* **Action item**: In your copy of the data, omit the pictures and keep all else exactly as given.
Data extract START
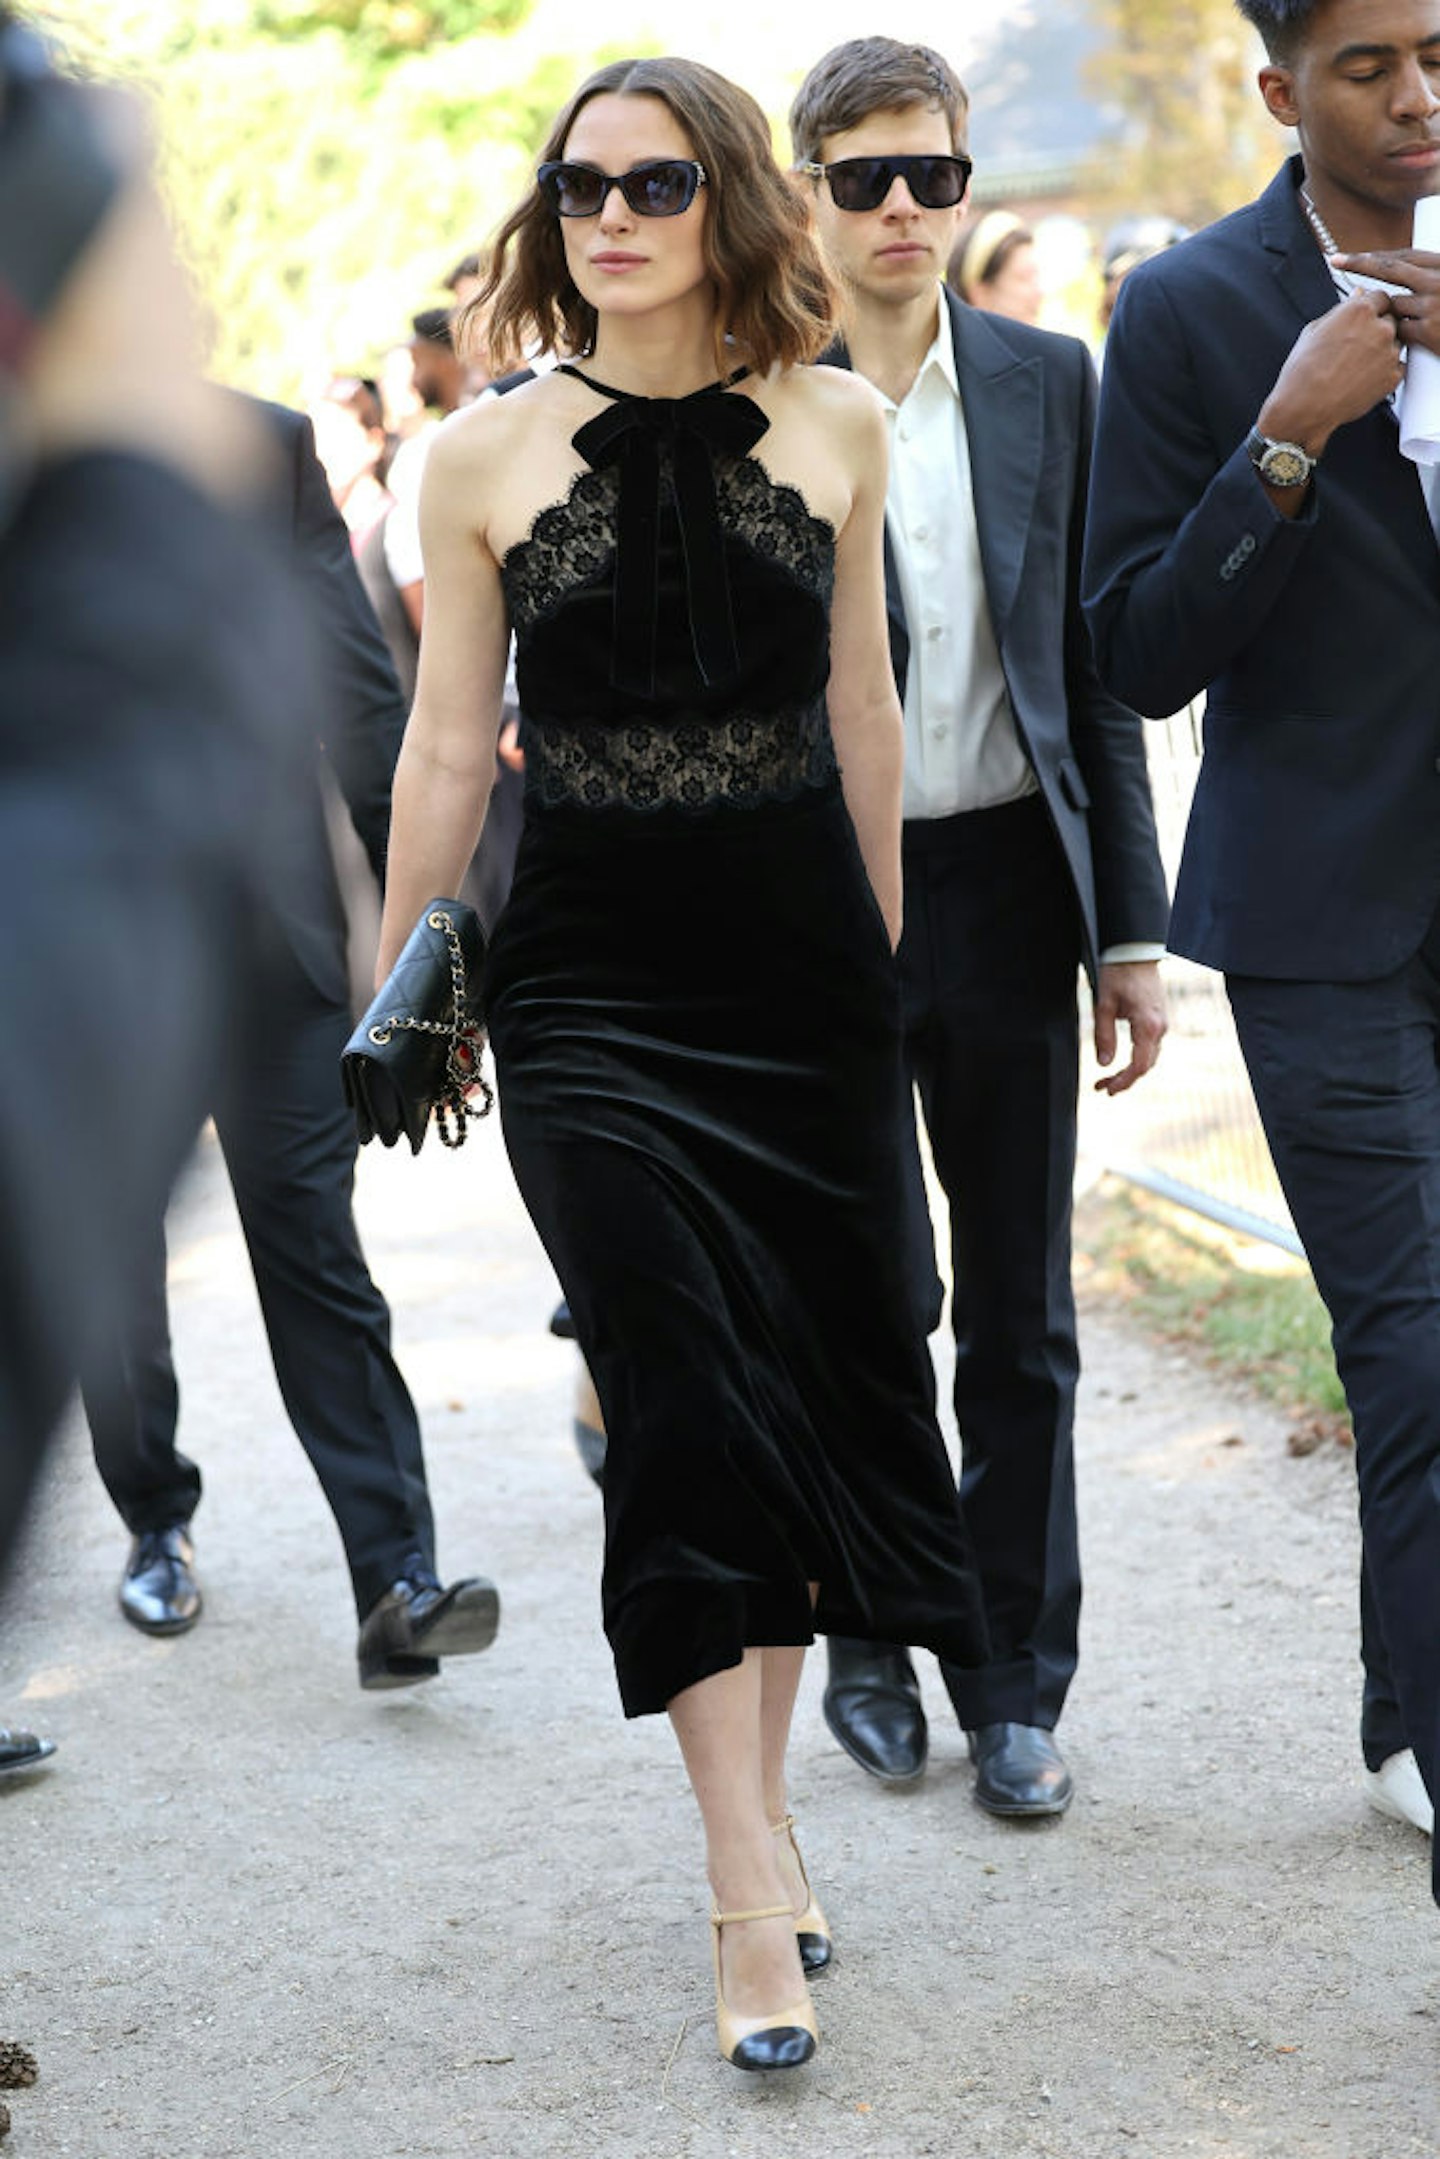 Keira Knightley Wore A Summer Black Dress At Chanel
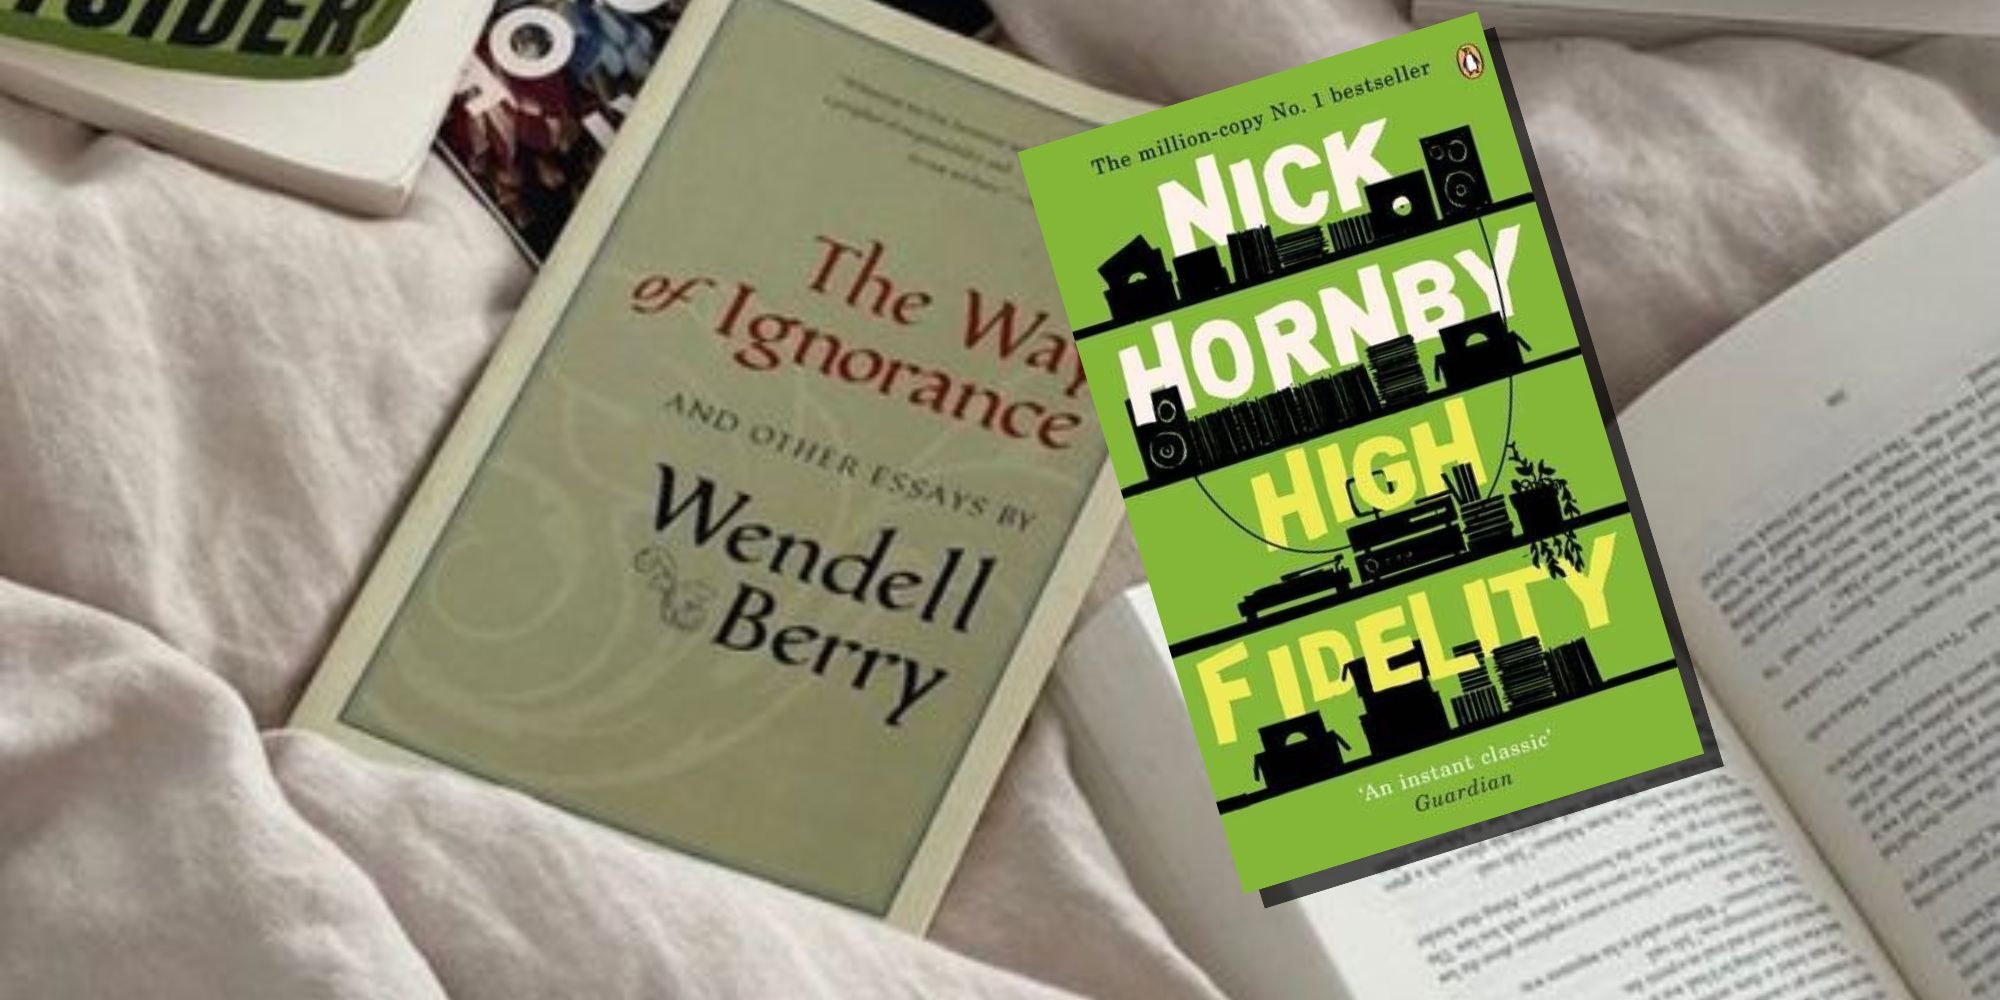 High Fidelity by Nick Hornby
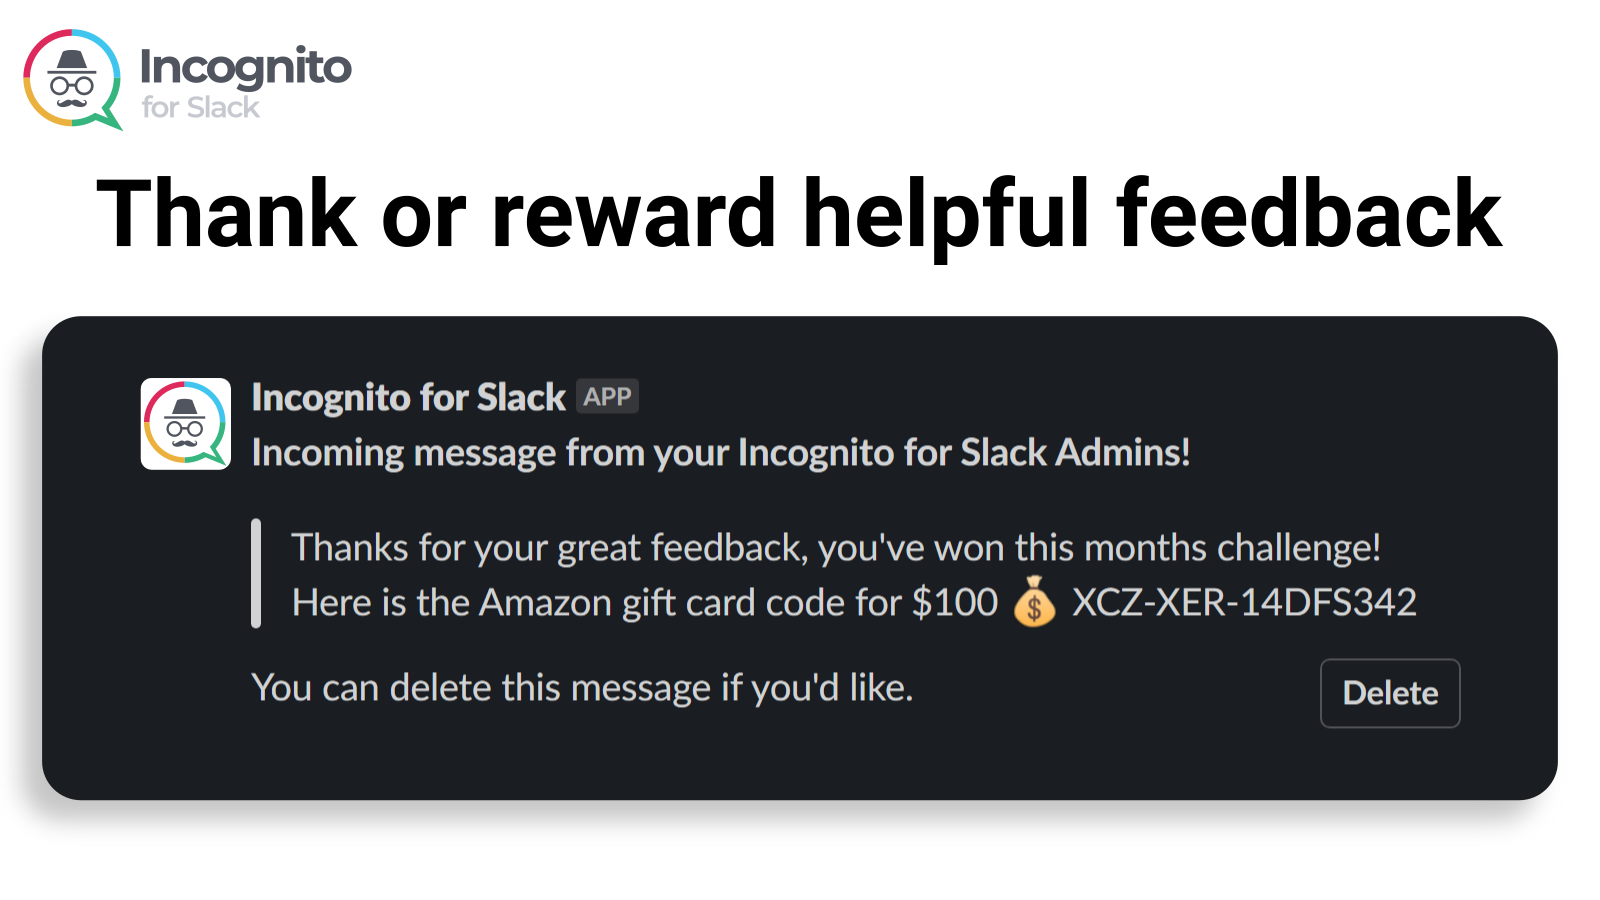 Know more about Incognito for Slack
Data extract END
* **Reply to the task**:
 Keira Knightley Wore A Summer Black Dress At Chanel
 High Fidelity by Nick Hornby
 Know more about Incognito for Slack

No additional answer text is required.